Michaels and others like her look to automation not so much to control costs but to grow. The shortage of entry-level workers -- fewer people will come into the labor market in the '90s -- should force more incipient business owners to leverage technology. Smart companies will begin to use computers to think strategically. "You have to realize this is the way the marketplace is going," says former SBA economist Thomas Gray. "If you don't do it, competitors will, and they'll kill you."
Controlling Growth. Fewer start-ups can bank on riding a high-speed rail to $100 million in the '90s. Growth, when it comes, will come grudgingly. Many starting out today have resigned themselves to the dilatory ride. "I'm not looking to grow to a huge industrial complex," says Kitson Logue, who anticipates that growth without investors will plateau. "We may just have to slow the horse down a bit. But it's not going to break my heart."
In a similar spirit, Michaels casts a cold eye on growth, even though her earnings could support it. "We're not trying to blow the doors out," she says. "There's a danger when you achieve some success early on to expand, expand, expand. We're trying not to make too many mistakes. We want to go slowly." She says she will limit growth to four stores.
Is this a failure of courage or vision? Are these fainthearted entrepreneurs? Or do they have their eyes on other goals? Such as profits. And what they want out of the business. After all, when the business is personally financed, they have to be as attentive to the bottom line as to the top. Michaels became profitable within the first six months.

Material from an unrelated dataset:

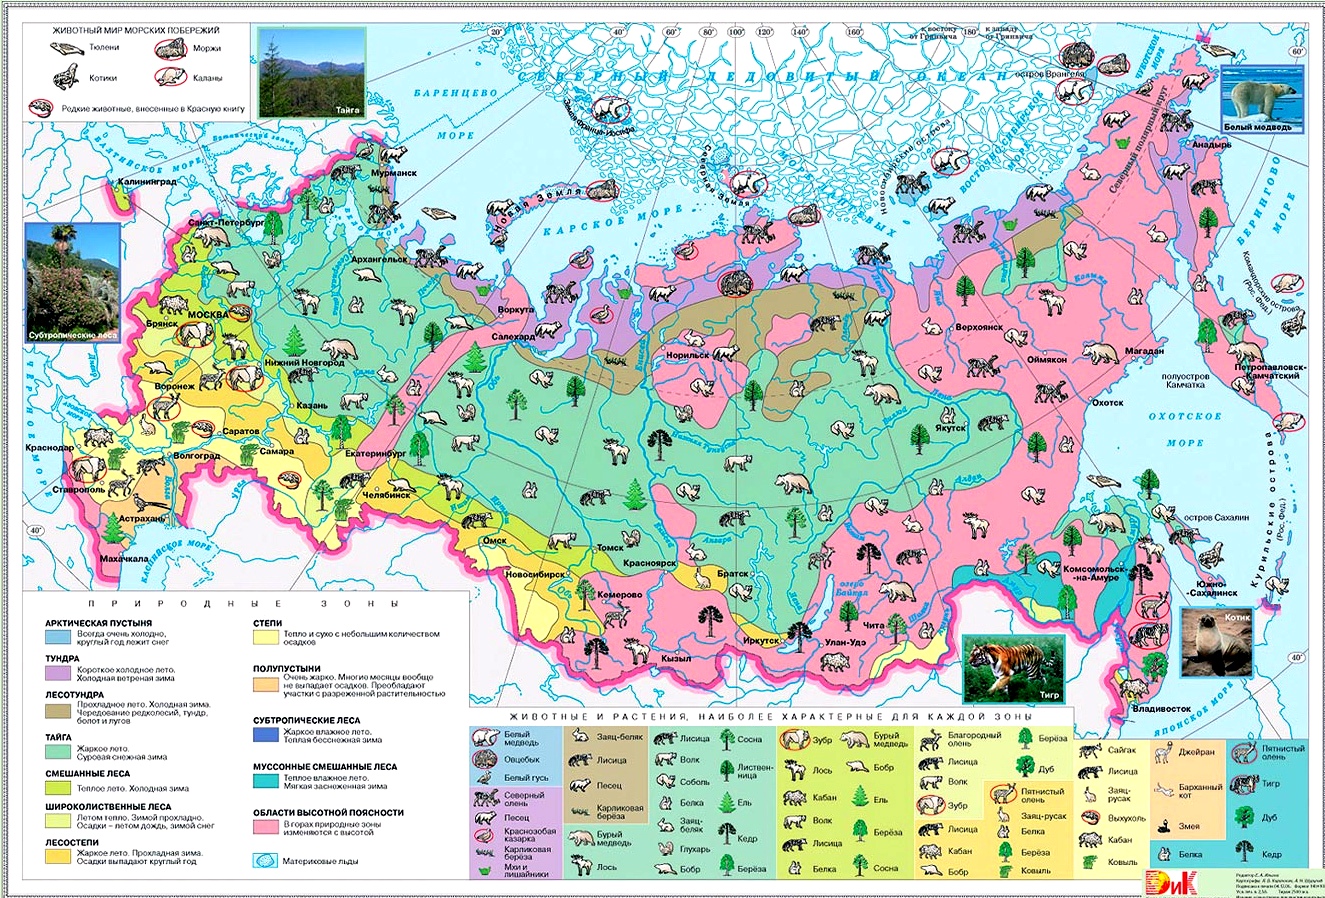 Растительный и животный мир России

The Logues were profitable every month last year but one. "This year we'll drop 2% to 3% to the bottom line," Kitson notes. "We've got to be at least marginally profitable. Just in case we want to attract a banker. Besides, a loss comes out of our pocket."
Perhaps their measured approach to growth makes these businesses hardier ventures. Companies that grow more slowly are bound to have better control of their cash. Over time it may mean better growth and better profits.
* * *
The marketplace today shows a start-up little mercy. Truth is, it's hardly been this difficult since Hoover. The evidence is only too plentiful: An economy lingering in anemia. Seed capital in scarce supply. Banks too troubled to lend. Real estate values tumbling. Corporate profits and expenditures down. Withered confidence and weak spending by consumers. Companies small and large competing for shelter in the bankruptcy courts. It makes the '80s start-up look like a garden party.
So how can it be any fun? The rewards of starting a company have never been less obvious. Why are so many nontraditional entrepreneurs daring it? Maybe because the business is not all there is to their lives.
What founders such as Michaels, Bettinardi, and the Logues seek is not mercurial growth. It's not a trove of equity or an army of dedicated and grateful employees. They don't long to revolutionize their industries or be lionized in the press. What they want, instead, is license. To work as they want, live where they will. To have a life, not just a balance sheet. To some degree, they are starting businesses for the reasons founders always have: Freedom. Control over their lives. Financial comfort for their families. Desire for autonomy and control consistently outranks wealth in surveys attempting to plumb the complex motivations of men and women who start businesses. But what distinguishes this generation of entrepreneurs is a conviction that their companies remain subordinate to (instead of a substitute for) the rest of their lives.
Maybe it's a return to simpler values. Ed Bettinardi wanted to live in the same house in the same Denver neighborhood. He wanted to be able to send his kids to college and someday retire. Susan Michaels wanted to call her own shots after a nomadic broadcasting career. She craved more time with her husband at their country home. Julie and Kitson Logue wanted to raise a family in South Bend, spend their weekends riding horses and rooting for the Irish. Surely, a thriving business could deliver all that.
But not at the start. Their humble ambitions notwithstanding, their infant companies, in every case, demanded the time and energy the founders had pledged to their personal lives. "It's taken more time, more money, more work, more everything," reports Kitson Logue. He and Julie have had to postpone children as a result. Since starting his business, Bettinardi sees less of the family he vowed to support. For Susan Michaels, the summer passed before she picked even one blackberry from the bushes on her land.
Not that you'll hear disappointment in their voices. Just patience. The rewards, if modest and hard won, are nonetheless sweet. "I'm a guy who should be out vaccinating dogs," says Kitson Logue. "Running this business, two days are never the same -- two hours are never the same." Three years into it, older, heavier, suffering from "bad guts," he concedes the returns have failed to come in torrents. "We haven't made a gigantic monster of a business." But he measures his yield in satisfaction, anyway. "You know, if the bugger went belly-up tomorrow, we'd still have a pretty good feeling of having accomplished something."